→ Directions: Every line of the material below should be output exactly as written, with the images skipped.

→ The data:
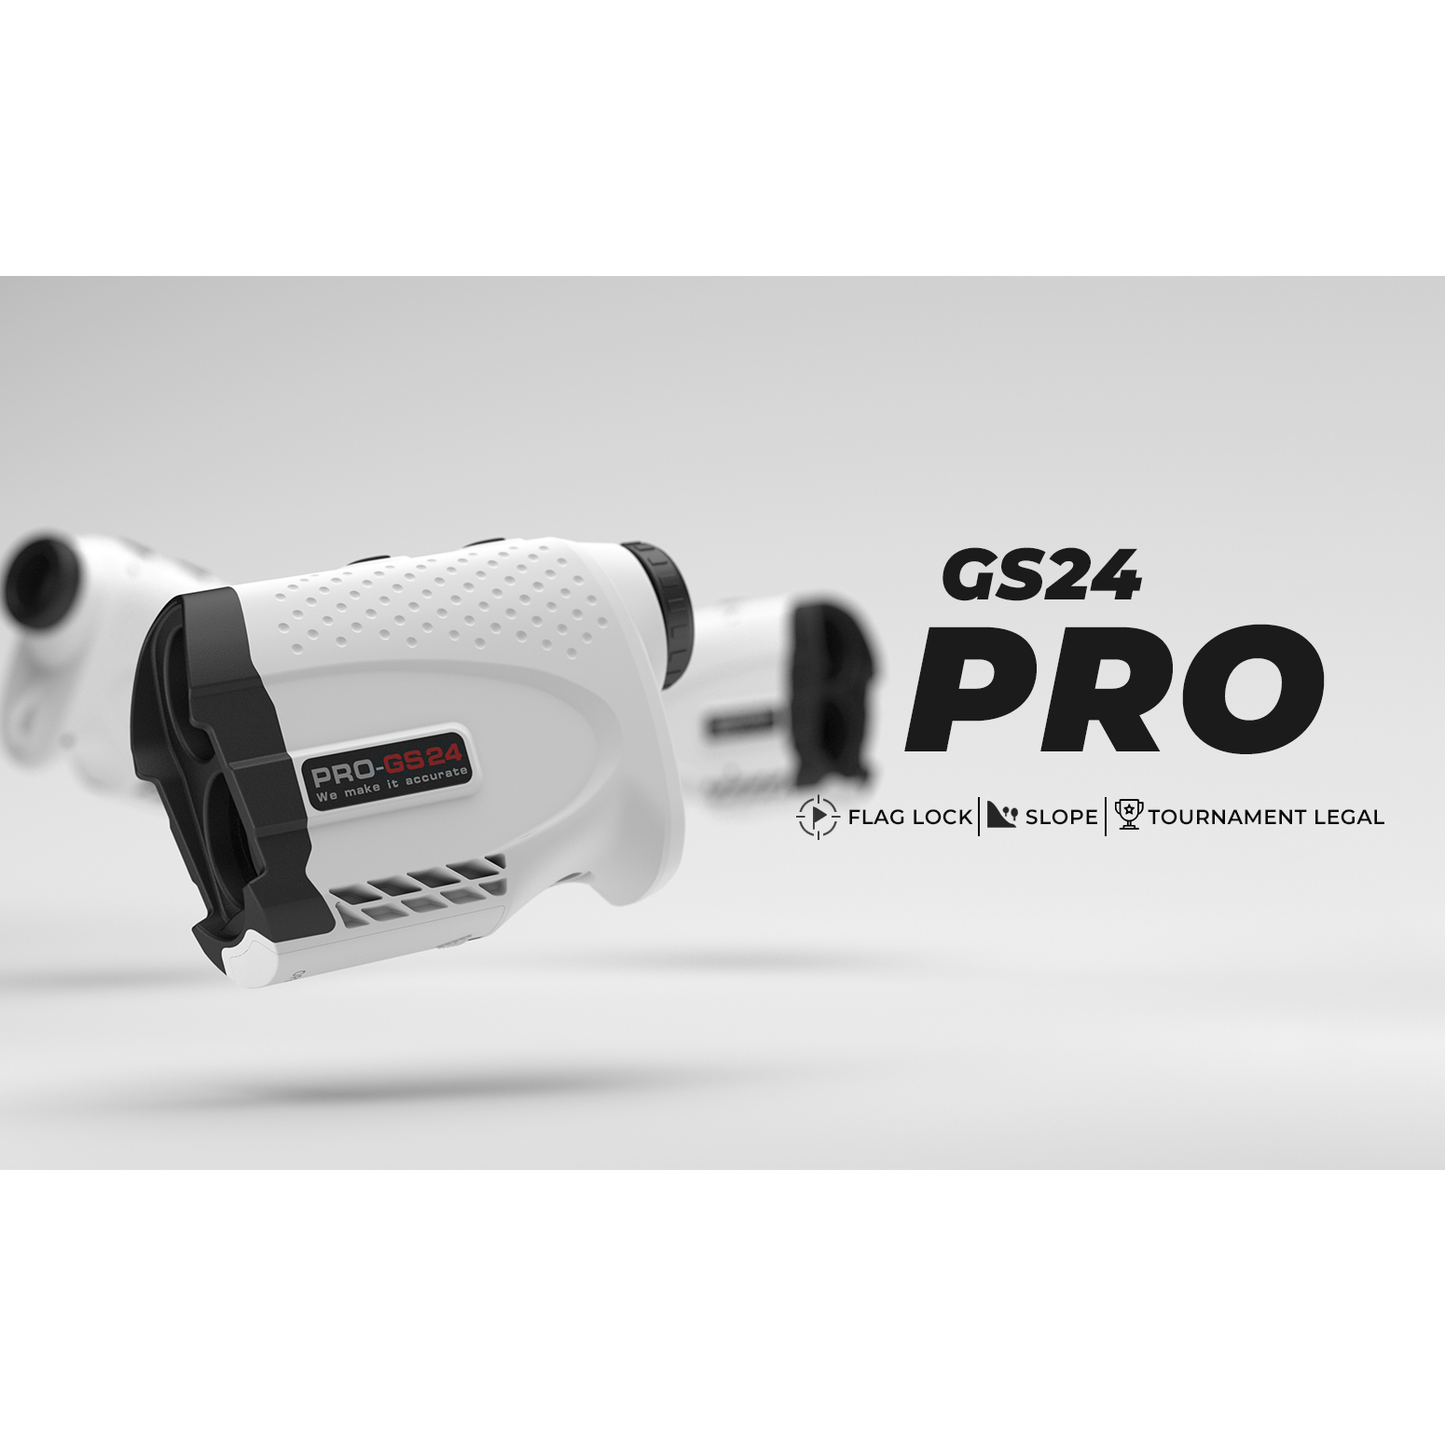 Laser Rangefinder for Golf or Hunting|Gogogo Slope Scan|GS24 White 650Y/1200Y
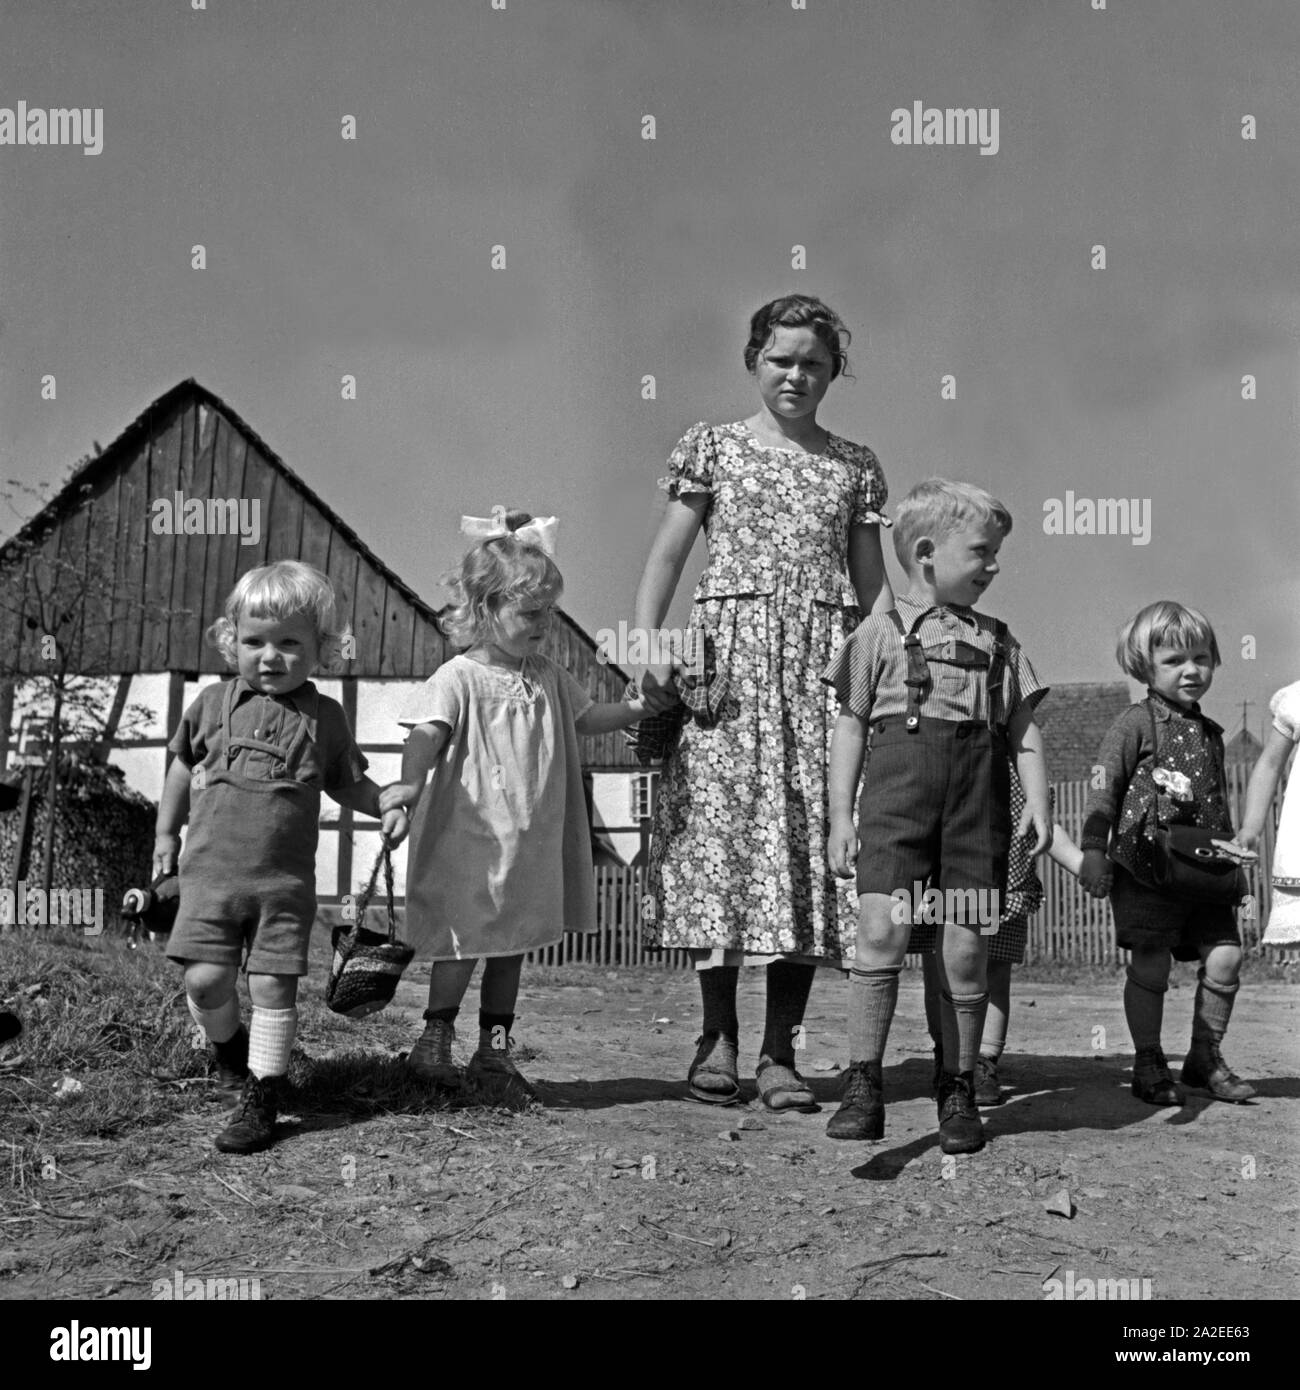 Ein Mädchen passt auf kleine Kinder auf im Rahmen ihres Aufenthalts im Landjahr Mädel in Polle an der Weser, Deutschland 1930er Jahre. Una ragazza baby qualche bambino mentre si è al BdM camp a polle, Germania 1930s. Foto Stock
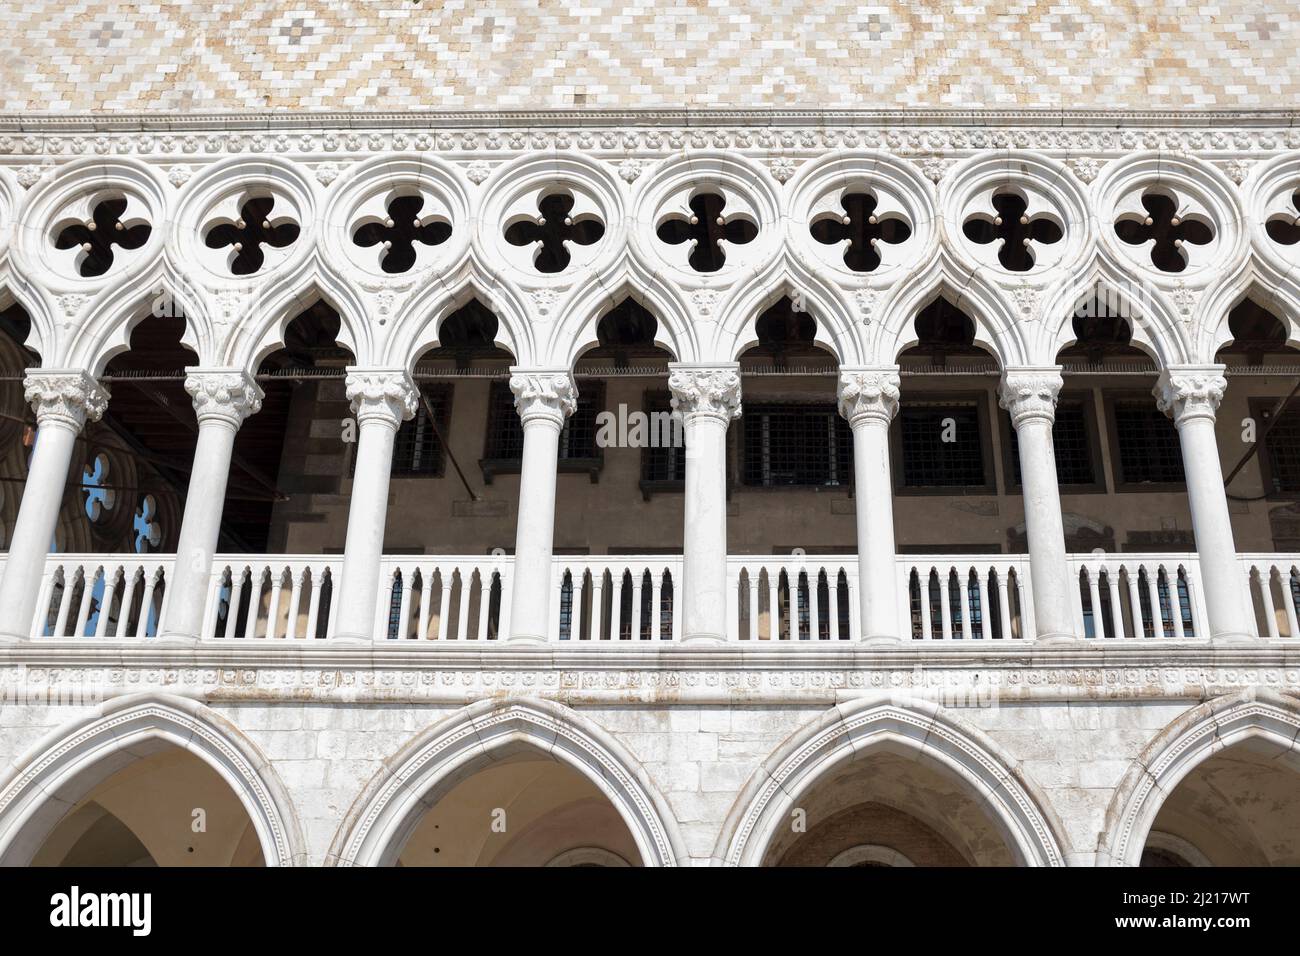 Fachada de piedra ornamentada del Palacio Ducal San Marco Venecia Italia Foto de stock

→ Exercise result:
 Laser Rangefinder for Golf or Hunting|Gogogo Slope Scan|GS24 White 650Y/1200Y
 Ein Mädchen passt auf kleine Kinder auf im Rahmen ihres Aufenthalts im Landjahr Mädel in Polle an der Weser, Deutschland 1930er Jahre. Una ragazza baby qualche bambino mentre si è al BdM camp a polle, Germania 1930s. Foto Stock
 Fachada de piedra ornamentada del Palacio Ducal San Marco Venecia Italia Foto de stock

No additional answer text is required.